**PROBLEM REQUIREMENTS**.
Your job is to return the whole listing unchanged while skipping its images.

**DATASET CONTENT**.
== Segment start ==
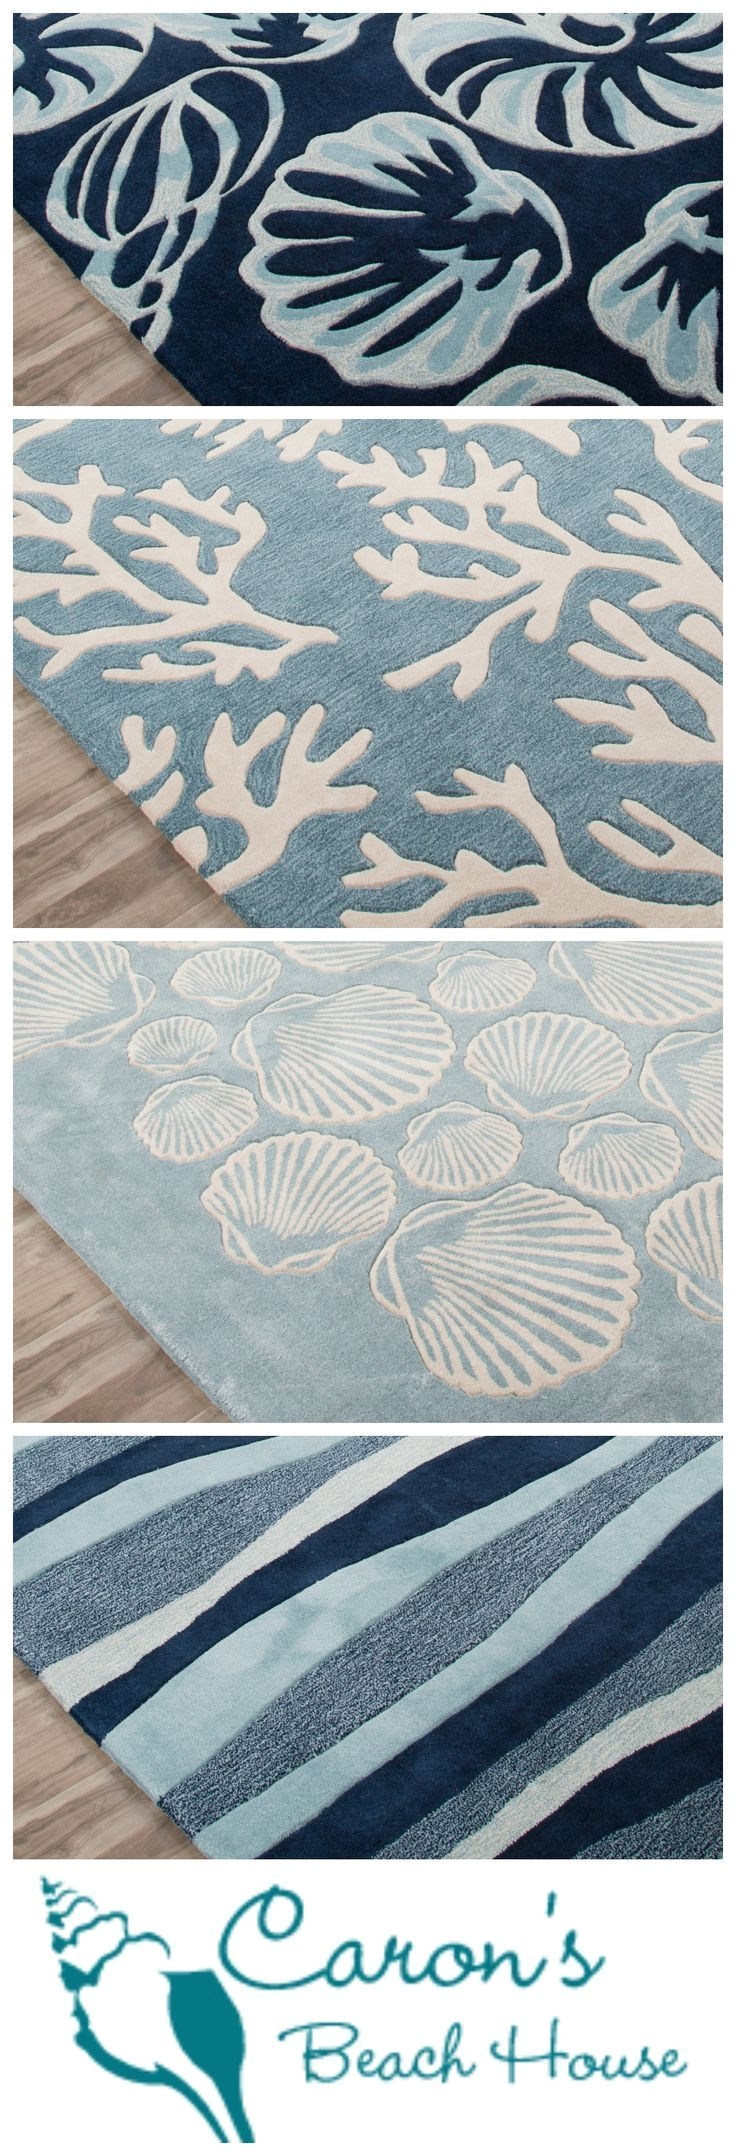 create your own coastal retreat without ever leaving home try a new blue plush coastal area rug the post need a seaside escape
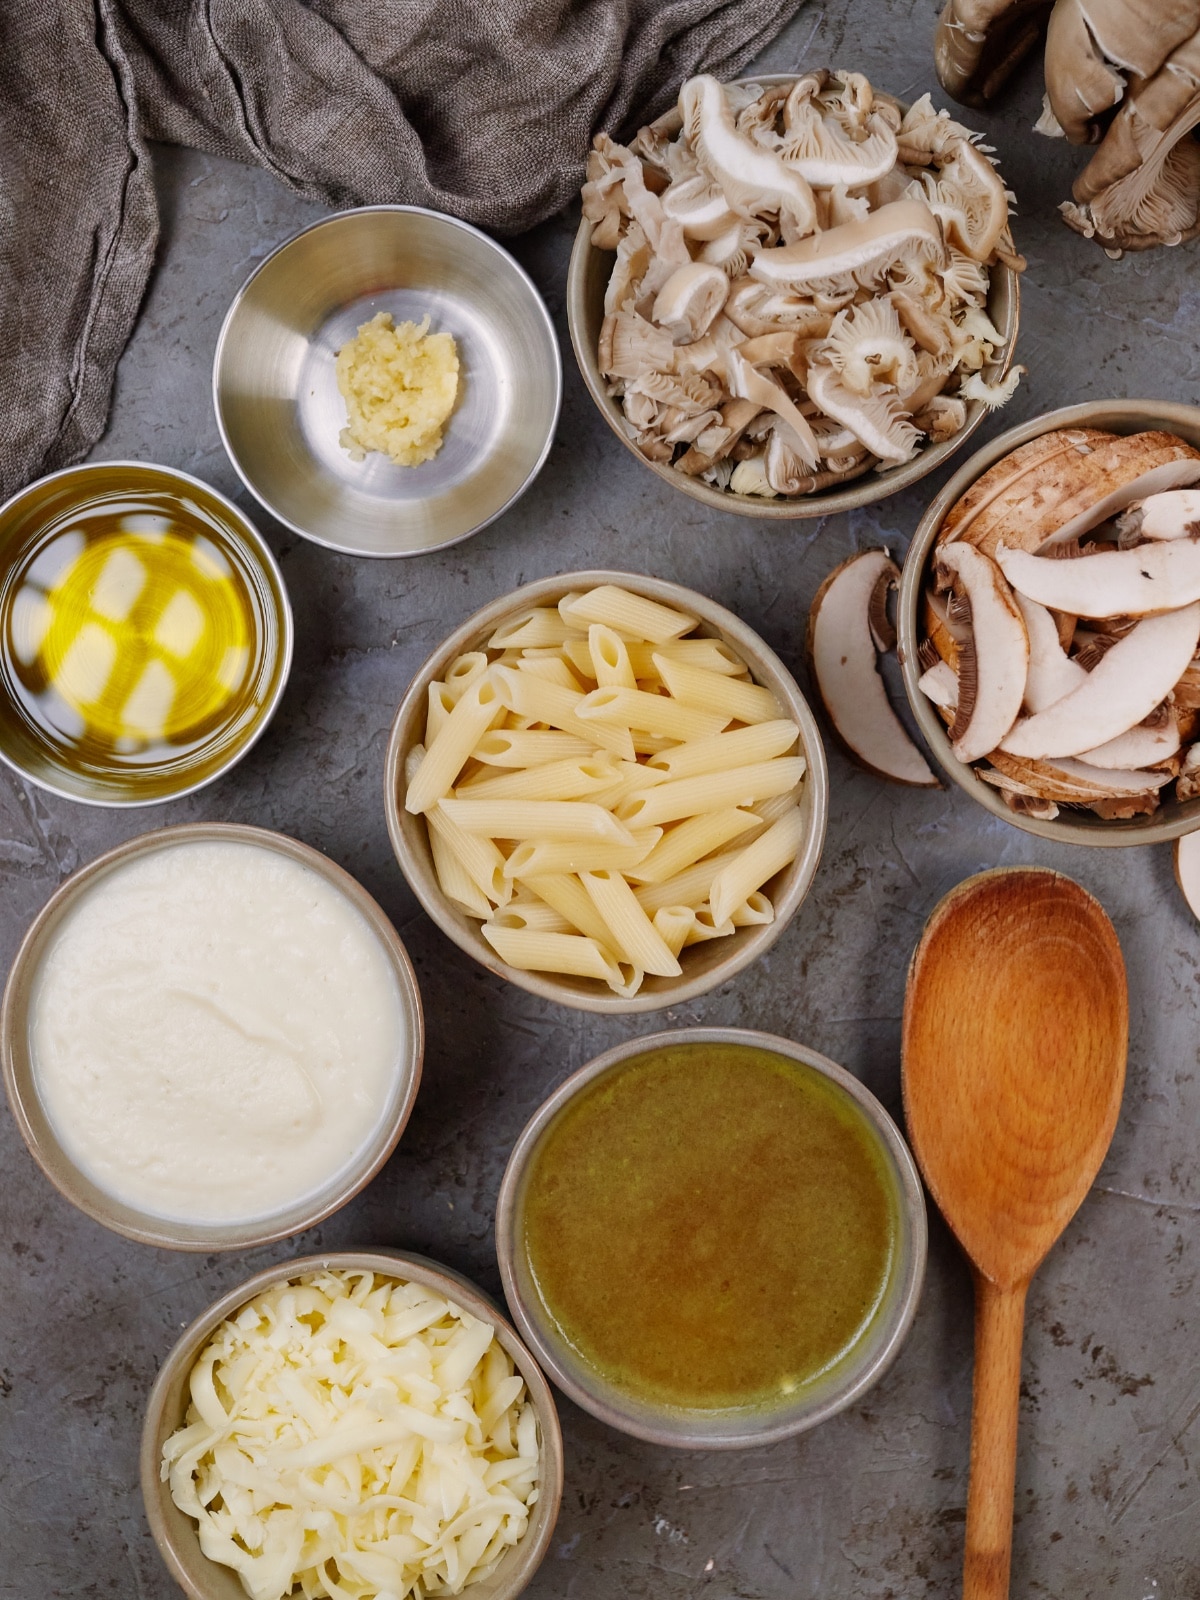 ingredients for creamy mushroom casserole in small bowls
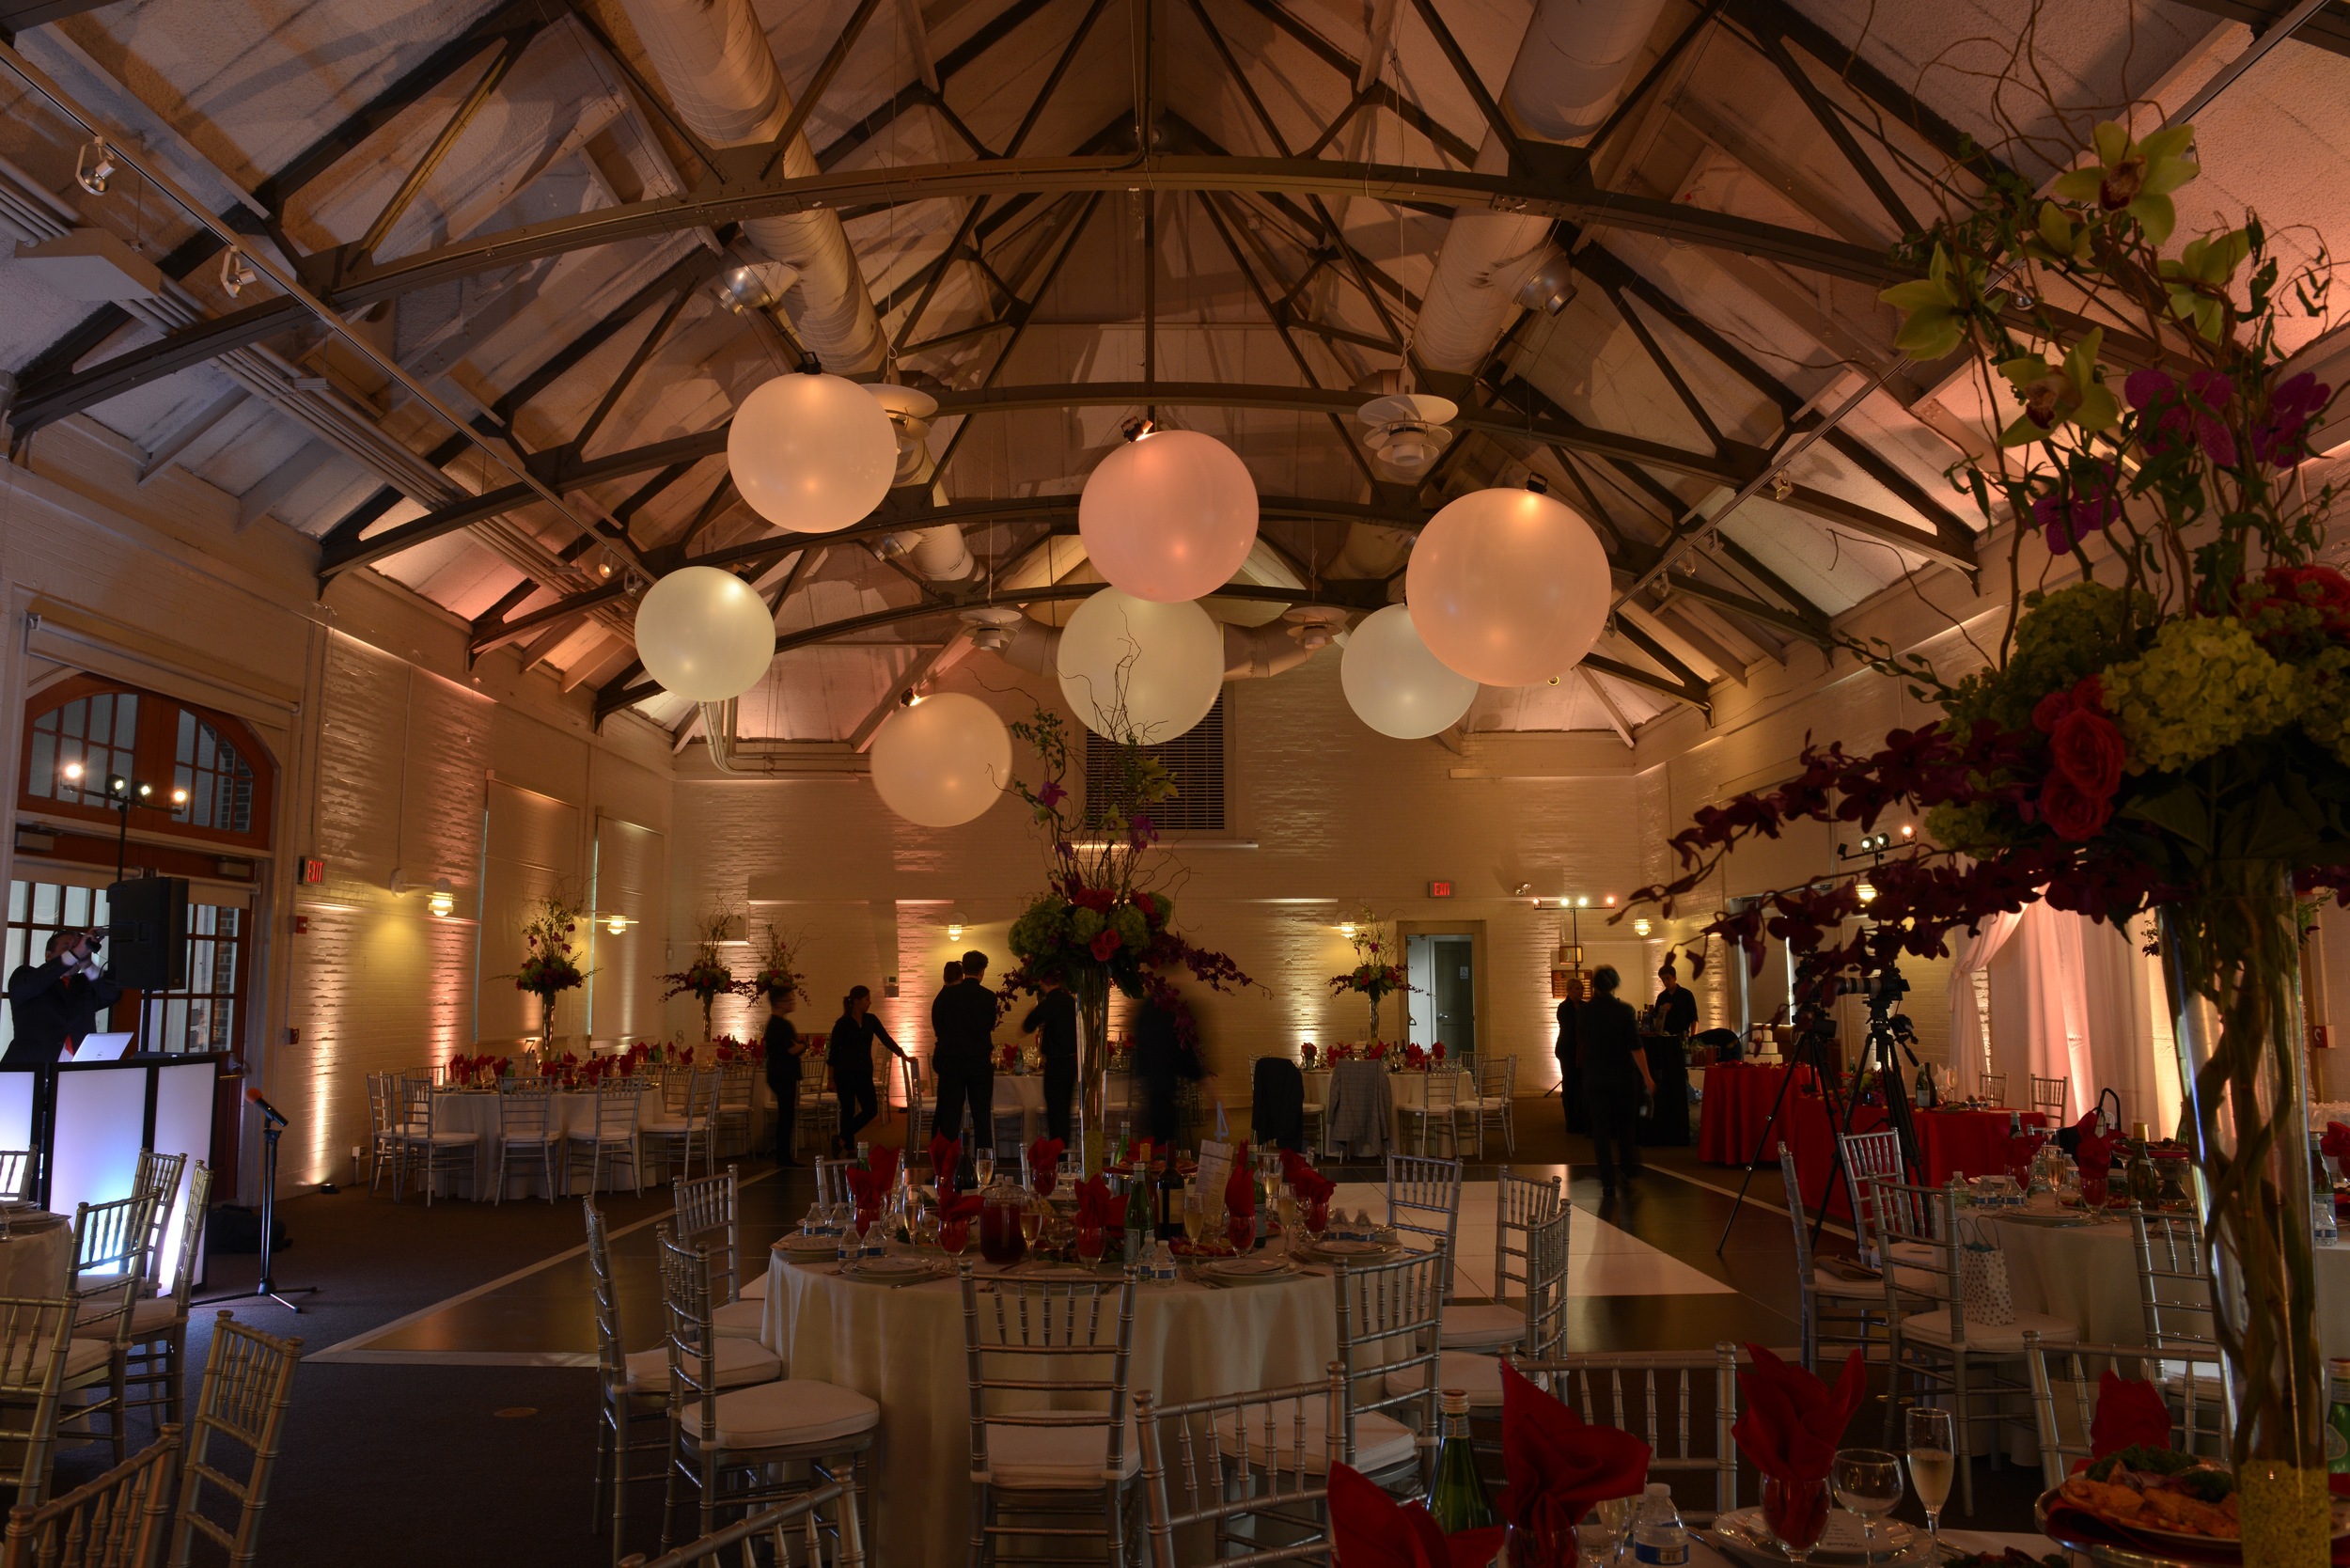 the interior of a wedding reception venue is lit with uplighting
== Segment end ==
**TASK RESULT**.
 create your own coastal retreat without ever leaving home try a new blue plush coastal area rug the post need a seaside escape
 ingredients for creamy mushroom casserole in small bowls
 the interior of a wedding reception venue is lit with uplighting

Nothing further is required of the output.